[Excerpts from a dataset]
———
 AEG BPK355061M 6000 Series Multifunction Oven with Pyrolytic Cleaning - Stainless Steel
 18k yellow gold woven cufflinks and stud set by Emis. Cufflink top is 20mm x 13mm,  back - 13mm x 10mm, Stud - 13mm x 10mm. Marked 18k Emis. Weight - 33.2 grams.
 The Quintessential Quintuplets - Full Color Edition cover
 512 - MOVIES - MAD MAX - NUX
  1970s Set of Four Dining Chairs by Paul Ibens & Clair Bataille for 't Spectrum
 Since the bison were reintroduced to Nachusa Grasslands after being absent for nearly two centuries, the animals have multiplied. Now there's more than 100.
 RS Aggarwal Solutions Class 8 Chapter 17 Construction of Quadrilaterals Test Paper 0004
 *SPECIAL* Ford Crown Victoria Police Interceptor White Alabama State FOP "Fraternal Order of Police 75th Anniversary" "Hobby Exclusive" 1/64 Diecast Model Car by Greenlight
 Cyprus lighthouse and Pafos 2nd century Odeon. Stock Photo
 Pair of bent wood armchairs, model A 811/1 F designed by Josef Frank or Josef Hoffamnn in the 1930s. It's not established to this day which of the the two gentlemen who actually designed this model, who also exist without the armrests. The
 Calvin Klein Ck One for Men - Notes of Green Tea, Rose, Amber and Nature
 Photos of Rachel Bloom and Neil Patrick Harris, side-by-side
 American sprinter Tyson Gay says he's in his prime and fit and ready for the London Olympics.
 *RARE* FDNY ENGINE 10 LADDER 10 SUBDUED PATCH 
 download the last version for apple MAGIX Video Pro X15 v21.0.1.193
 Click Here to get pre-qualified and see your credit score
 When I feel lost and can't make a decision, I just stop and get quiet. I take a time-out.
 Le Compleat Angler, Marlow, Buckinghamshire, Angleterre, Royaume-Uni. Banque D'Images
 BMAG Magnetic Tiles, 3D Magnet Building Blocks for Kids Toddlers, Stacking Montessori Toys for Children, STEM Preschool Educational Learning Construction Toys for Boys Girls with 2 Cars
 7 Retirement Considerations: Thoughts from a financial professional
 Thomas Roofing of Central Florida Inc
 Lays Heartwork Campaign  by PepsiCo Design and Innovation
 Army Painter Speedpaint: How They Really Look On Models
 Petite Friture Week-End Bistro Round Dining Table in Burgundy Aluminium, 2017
———
> _Requirement_: Here the goal is to repeat each entry exactly.

> _Exercise result_:
 AEG BPK355061M 6000 Series Multifunction Oven with Pyrolytic Cleaning - Stainless Steel
 18k yellow gold woven cufflinks and stud set by Emis. Cufflink top is 20mm x 13mm,  back - 13mm x 10mm, Stud - 13mm x 10mm. Marked 18k Emis. Weight - 33.2 grams.
 The Quintessential Quintuplets - Full Color Edition cover
 512 - MOVIES - MAD MAX - NUX
  1970s Set of Four Dining Chairs by Paul Ibens & Clair Bataille for 't Spectrum
 Since the bison were reintroduced to Nachusa Grasslands after being absent for nearly two centuries, the animals have multiplied. Now there's more than 100.
 RS Aggarwal Solutions Class 8 Chapter 17 Construction of Quadrilaterals Test Paper 0004
 *SPECIAL* Ford Crown Victoria Police Interceptor White Alabama State FOP "Fraternal Order of Police 75th Anniversary" "Hobby Exclusive" 1/64 Diecast Model Car by Greenlight
 Cyprus lighthouse and Pafos 2nd century Odeon. Stock Photo
 Pair of bent wood armchairs, model A 811/1 F designed by Josef Frank or Josef Hoffamnn in the 1930s. It's not established to this day which of the the two gentlemen who actually designed this model, who also exist without the armrests. The
 Calvin Klein Ck One for Men - Notes of Green Tea, Rose, Amber and Nature
 Photos of Rachel Bloom and Neil Patrick Harris, side-by-side
 American sprinter Tyson Gay says he's in his prime and fit and ready for the London Olympics.
 *RARE* FDNY ENGINE 10 LADDER 10 SUBDUED PATCH 
 download the last version for apple MAGIX Video Pro X15 v21.0.1.193
 Click Here to get pre-qualified and see your credit score
 When I feel lost and can't make a decision, I just stop and get quiet. I take a time-out.
 Le Compleat Angler, Marlow, Buckinghamshire, Angleterre, Royaume-Uni. Banque D'Images
 BMAG Magnetic Tiles, 3D Magnet Building Blocks for Kids Toddlers, Stacking Montessori Toys for Children, STEM Preschool Educational Learning Construction Toys for Boys Girls with 2 Cars
 7 Retirement Considerations: Thoughts from a financial professional
 Thomas Roofing of Central Florida Inc
 Lays Heartwork Campaign  by PepsiCo Design and Innovation
 Army Painter Speedpaint: How They Really Look On Models
 Petite Friture Week-End Bistro Round Dining Table in Burgundy Aluminium, 2017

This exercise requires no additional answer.